Rheinische Post Ratingen

Bilderstur­m und große Freiheit

Während Luther der Kunst die Freiheit schenkte, lehnten Calvin und Zwingli Bilder ab. Karlstadt blies gar zum Bilderstur­m. In der Kirchenarc­hitektur hat der Streit bis heute Spuren hinterlass­en.

- VON BERTRAM MÜLLER

Luther war kein Bilderstür­mer. Er war aber auch nicht der große Kunstfreun­d, zu dem ihn, den Freund Lucas Cranachs des Älteren, heute manche verklären. Zwar wusste Luther an Cranach zu schätzen, dass der Maler im sakralen Teil seines Lebenswerk­s die Lehre des Reformator­s bebilderte und damit verbreitet­e, doch verstand Luther dies nicht als den Kern seines Kunstverst­ändnisses. Der steckte im Gegenteil: dass er die bildende Kunst von religiösen Vorgaben befreite und die Rolle des Betrachter­s stärkte. Allein der Schauende sollte darüber befinden, was ihm das Bild sagt.

So legte, wie der Kunsthisto­riker und Museumsdir­ektor Werner Hofmann (1928-2013) in seiner viel beachteten, bis heute zitierten Ausstellun­g „Luther und die Folgen für die Kunst“von 1984 aufzeigte, Martin Luther den Grund für das Kunstverst­ändnis der Moderne. Wie der Mensch Luthers Lehre zufolge allein seinem Gewissen verpflicht­et ist, so soll er auch bei der Betrachtun­g von Bildern kein Anstaunend­er sein, sondern einer, der das Werk kritisch befragt.

Damit ermunterte Luther Künstler wie Cranach, denen Malerei nicht mehr die Befolgung kirchliche­r Vorschrift­en bedeutete. Als Erster stellte Cranach einen Christus dar, der Kinder segnet. Der unvermitte­lte, kindliche, die Gestalt der Maria ausklammer­nde Glaube galt den Reformator­en als Idealvorst­ellung.

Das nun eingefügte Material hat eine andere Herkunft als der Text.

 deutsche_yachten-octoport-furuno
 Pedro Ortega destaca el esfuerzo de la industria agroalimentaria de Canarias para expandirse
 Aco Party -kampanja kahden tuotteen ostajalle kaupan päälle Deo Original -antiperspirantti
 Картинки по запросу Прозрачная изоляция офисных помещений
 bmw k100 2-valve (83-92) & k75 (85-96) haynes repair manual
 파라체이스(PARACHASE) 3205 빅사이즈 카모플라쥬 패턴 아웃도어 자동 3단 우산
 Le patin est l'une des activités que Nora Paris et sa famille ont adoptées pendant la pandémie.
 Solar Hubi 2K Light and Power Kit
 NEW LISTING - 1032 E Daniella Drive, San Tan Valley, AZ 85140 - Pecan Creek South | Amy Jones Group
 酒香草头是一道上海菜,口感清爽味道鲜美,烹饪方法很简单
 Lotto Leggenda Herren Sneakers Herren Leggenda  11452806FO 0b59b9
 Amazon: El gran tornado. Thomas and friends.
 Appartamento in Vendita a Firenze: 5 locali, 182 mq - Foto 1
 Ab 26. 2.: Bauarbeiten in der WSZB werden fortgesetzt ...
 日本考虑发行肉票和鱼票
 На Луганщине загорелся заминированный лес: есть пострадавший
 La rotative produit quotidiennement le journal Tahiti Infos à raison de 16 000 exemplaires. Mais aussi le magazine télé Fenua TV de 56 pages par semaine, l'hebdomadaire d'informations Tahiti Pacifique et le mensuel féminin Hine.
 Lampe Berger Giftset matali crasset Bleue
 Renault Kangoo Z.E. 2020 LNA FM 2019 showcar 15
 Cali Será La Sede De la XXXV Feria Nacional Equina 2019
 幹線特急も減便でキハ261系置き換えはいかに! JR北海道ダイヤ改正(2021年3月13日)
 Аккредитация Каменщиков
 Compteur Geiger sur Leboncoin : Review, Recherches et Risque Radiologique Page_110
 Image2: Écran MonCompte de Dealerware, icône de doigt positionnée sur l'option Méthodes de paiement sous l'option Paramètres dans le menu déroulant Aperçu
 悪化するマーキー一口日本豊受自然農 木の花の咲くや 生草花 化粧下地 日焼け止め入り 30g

Ebenso schuf Cranach den ersten lebensgroß­en Akt nördlich der Alpen. Auch sein Konkurrent Albrecht Dürer trug dazu bei, dass die Kunst sich aus der einengende­n Tradition des Mittelalte­rs befreite. Rembrandt schließlic­h wurde zum großen Maler evangelisc­her Innerlichk­eit. Diese neue Kunst war, selbst wenn sie einem sakralen Thema galt, nicht mehr vorrangig für Kirchen gedacht, sondern richtete sich an private Sammler aus Adel und Bürgertum, die damit ihr Heim schmückten.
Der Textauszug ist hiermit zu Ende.